» Data below:

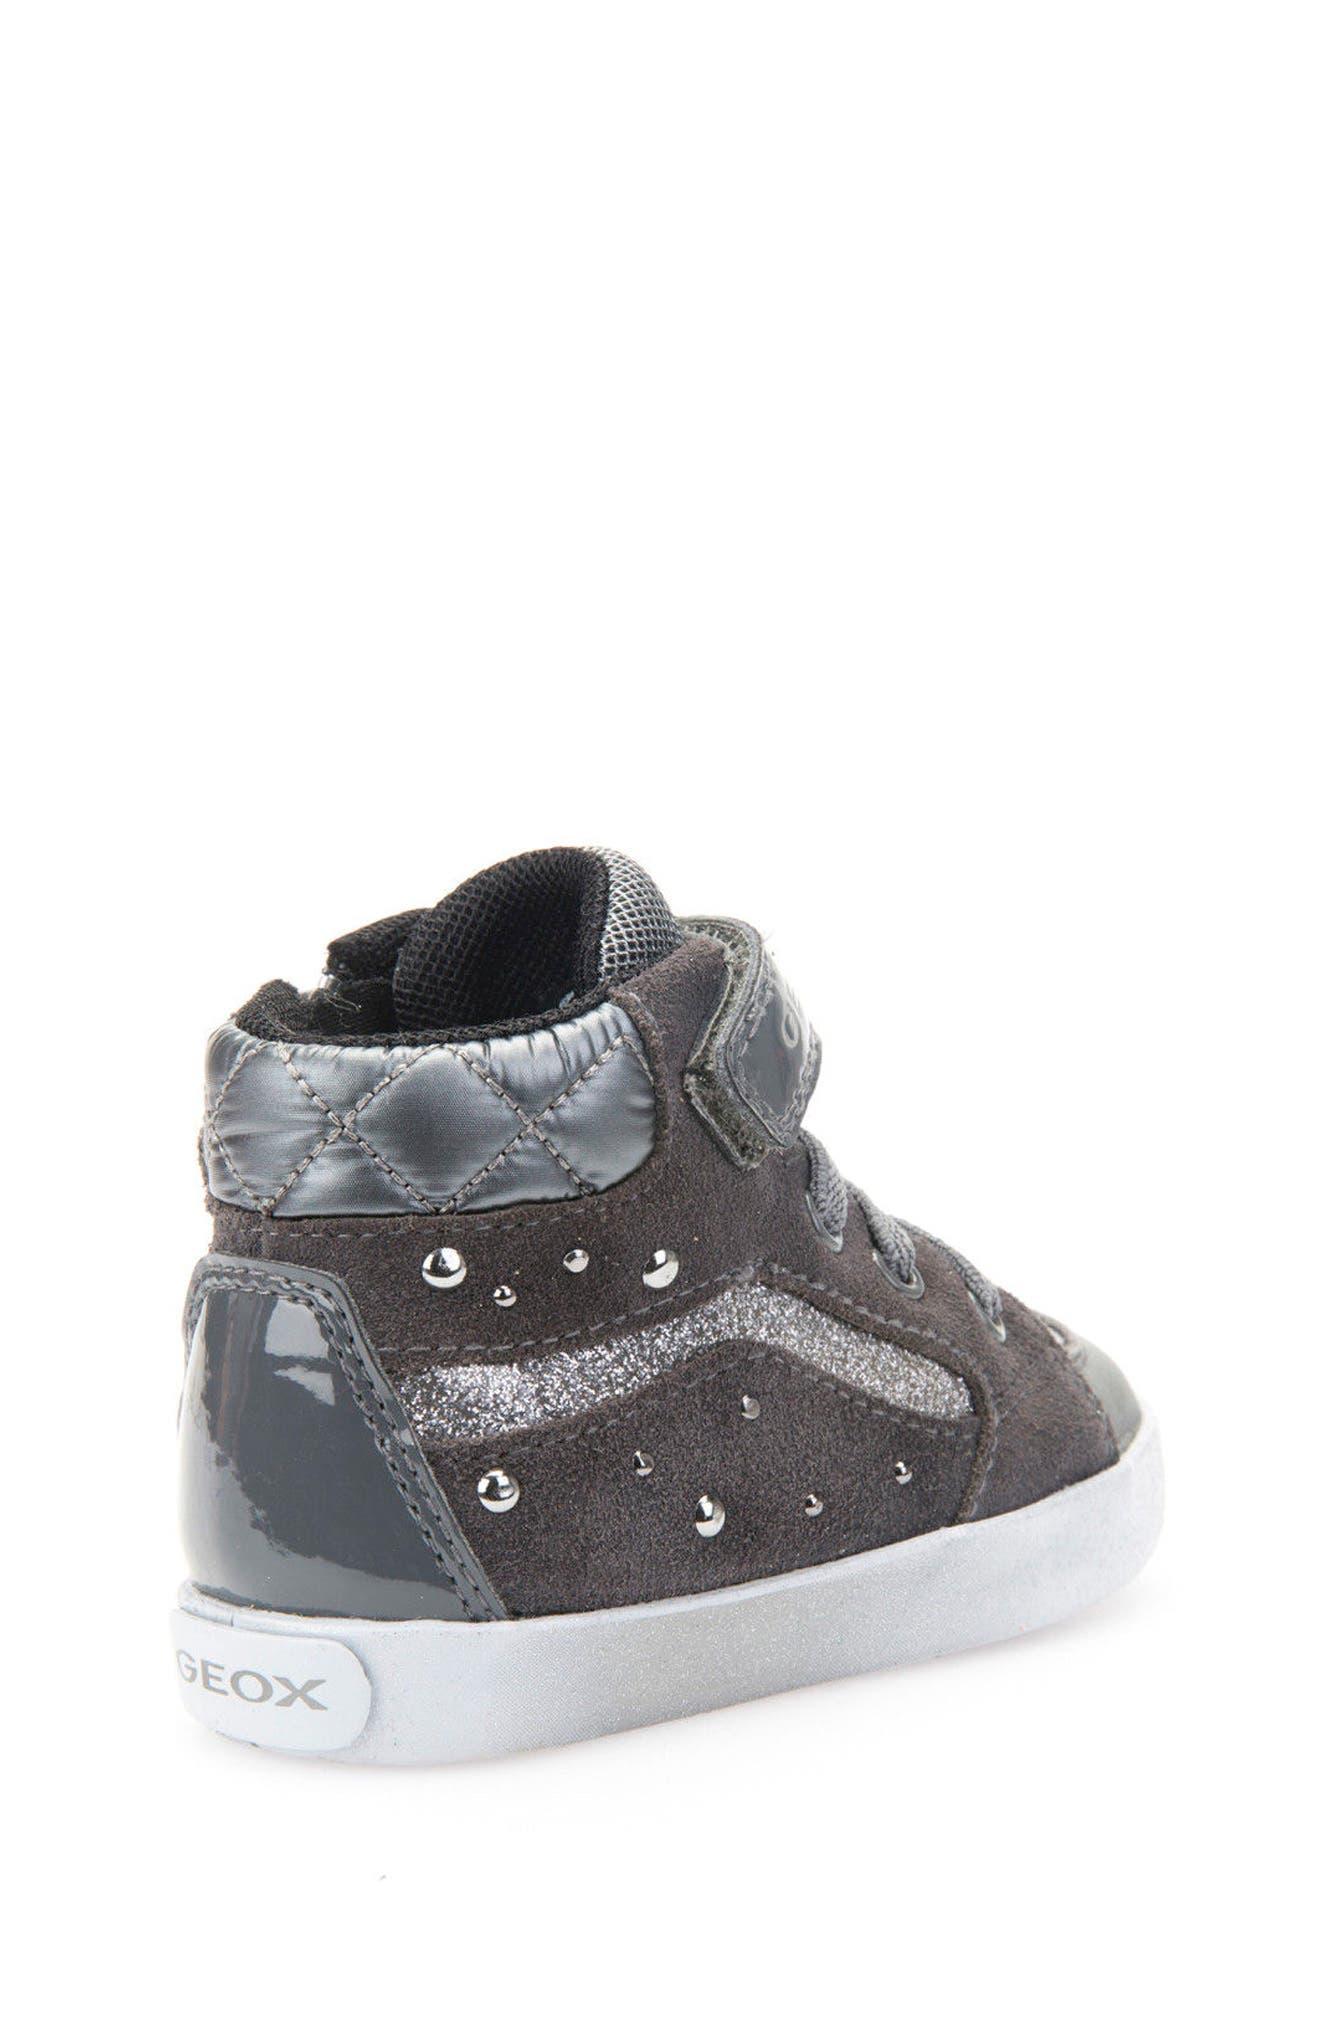 Kiwi Studded High Top Sneaker,                             Alternate thumbnail 7, color,                             020
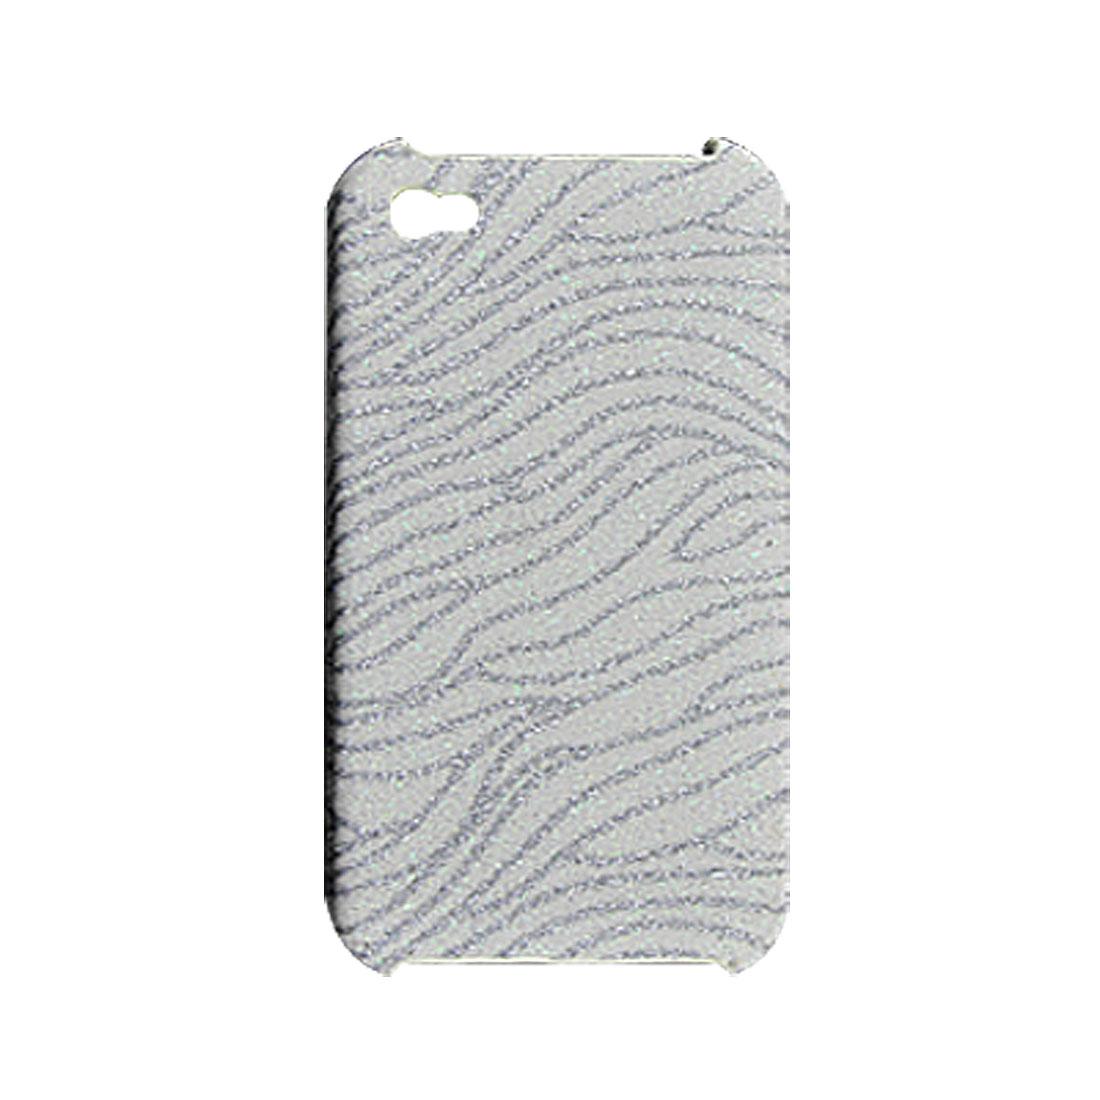 Skidproof Glittery Zebra Print White Silver Tone Hard Case for iPhone 4 4G
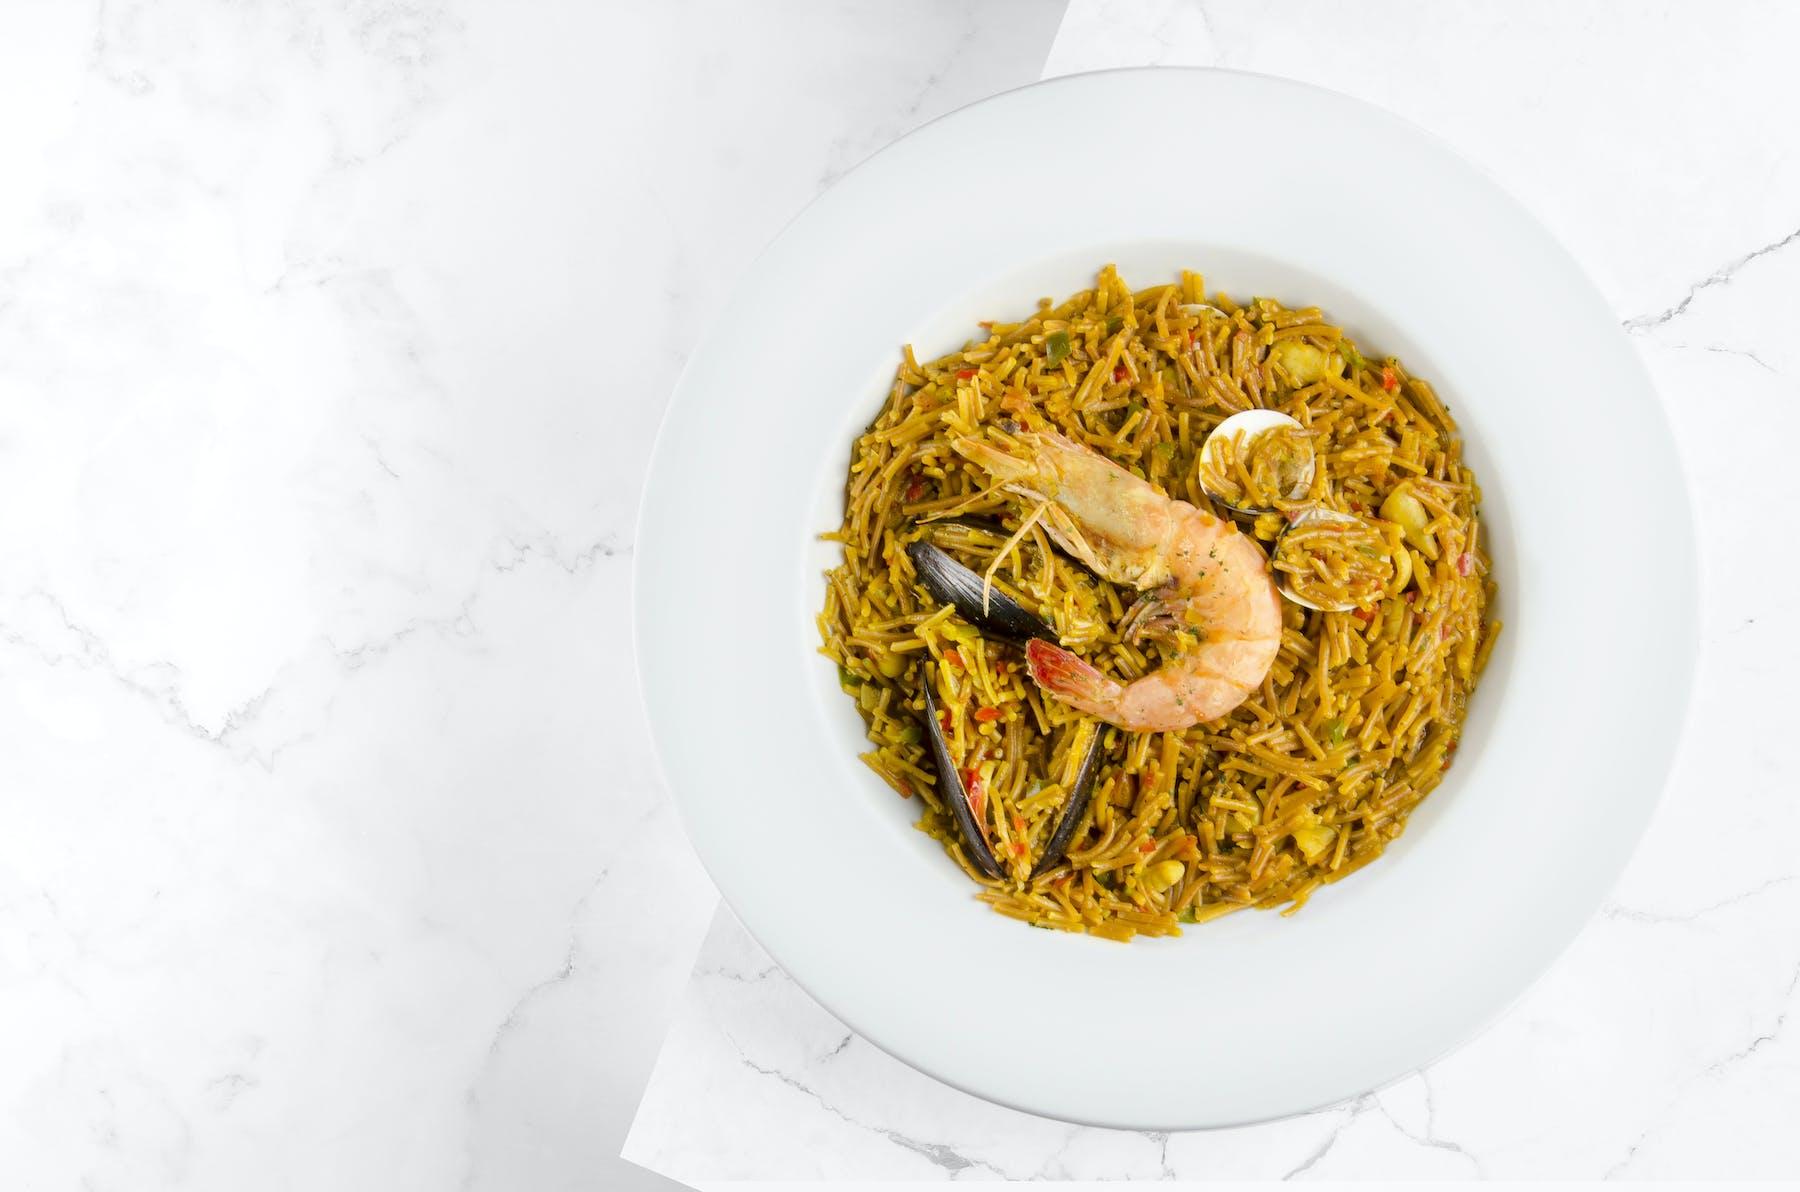 arroz con camamron

» What the task asks:
Please print the entire listing again exactly, minus its images.

» Response to this task:
 Kiwi Studded High Top Sneaker,                             Alternate thumbnail 7, color,                             020
 Skidproof Glittery Zebra Print White Silver Tone Hard Case for iPhone 4 4G
 arroz con camamron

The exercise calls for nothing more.